Irrespective of how Tuesday’s semi-final pans out, Oscar Tabarez said it would be perverse to believe that Uruguay have returned to their position of eminence in world football.
“I don’t think being a footballing power depends on the occasional result. It would be Utopian to think we have become a world power because of our performance here. The world hasn’t changed simply because we won a few matches,” Tabarez, 63, said.
The coach said Uruguay, twice World Cup winners, are still part of “football’s Third World” and had to make a great effort to come this far. The problem of players migrating to Europe has severely weakened the league back home, which constantly has to deal with diminishing resources, he said.
“We made huge efforts to be here (the semi-finals), more than the three other teams.
“What we have tried to do from the outset is to adapt to world football and find ways to bridge the organisational and economic gap between us and other countries such as those that have reached the semi-finals.”
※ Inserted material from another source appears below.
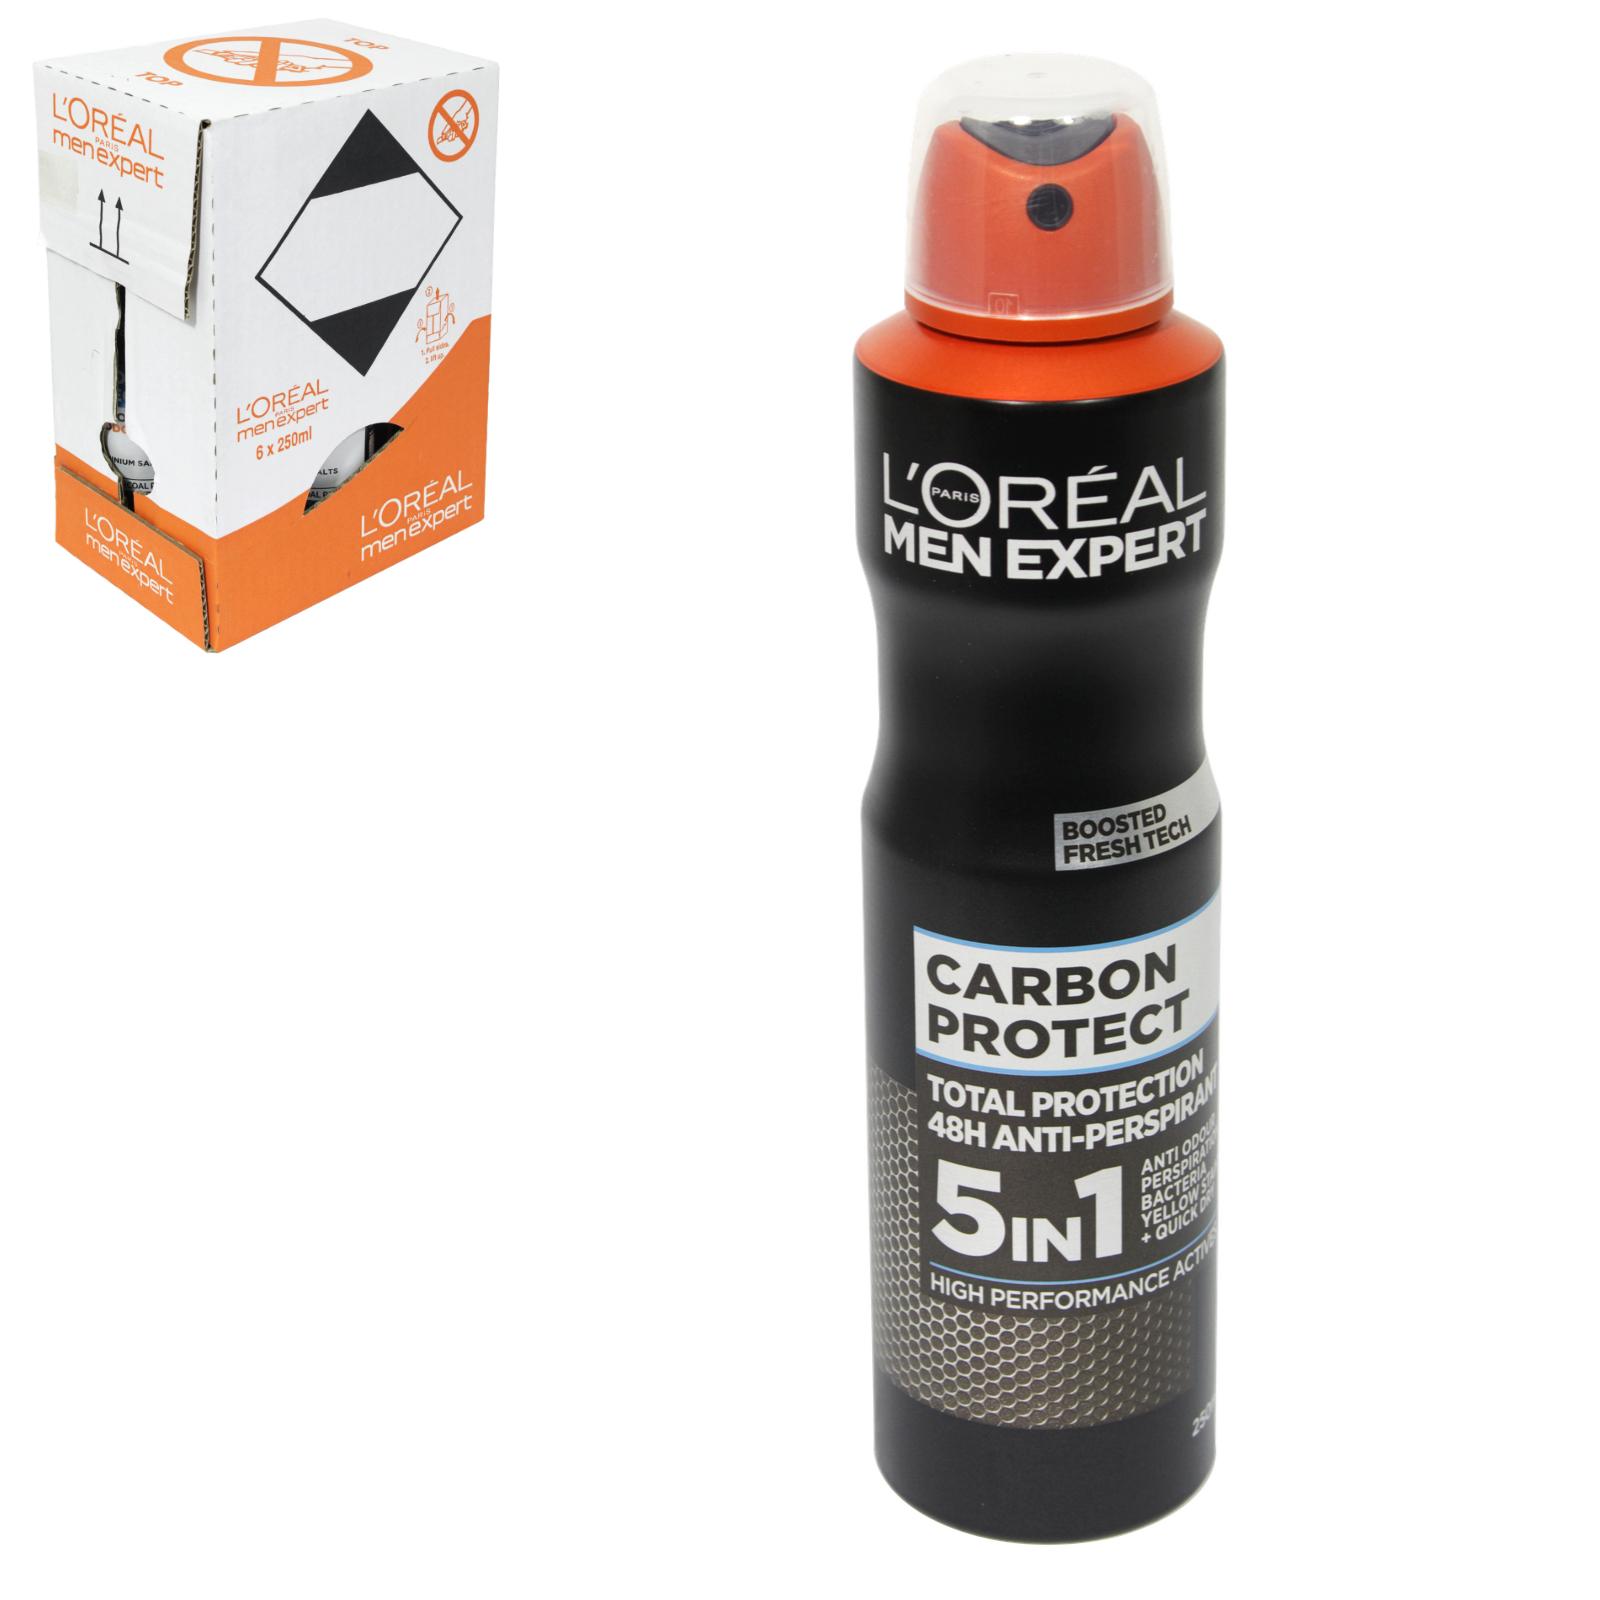 LOREAL MEN EXPERT DEO 250ML BLACK MINERAL X6

Tabarez didn’t forget to mention how people started “sending condolence messages” when the draw was made here on December 4 and agreed that the World Cup would have a positive impact on the game back home but urged for continuity in the process that has taken Uruguay this far.
“We have shown that what we can achieve with a sensible knowledge of world football. We faced about 10 sides in the run-up to the finals, missing only one FIFA date. We need to keep doing that regardless of who is the coach or the manager.”
If you had closed your eyes and ignored the lady translator, it could have seemed like Bob Houghton speaking. Tabarez’s insistence on using FIFA dates (specific dates earmarked in FIFA’s calendar for international matches) echoed what the 63-year-old India national coach has been saying for the past four years.
There are a number of football officials in India, especially in Kolkata, who freely air their disapproval of Houghton’s ideas. If only they heard Tabarez speak in the city Houghton calls home.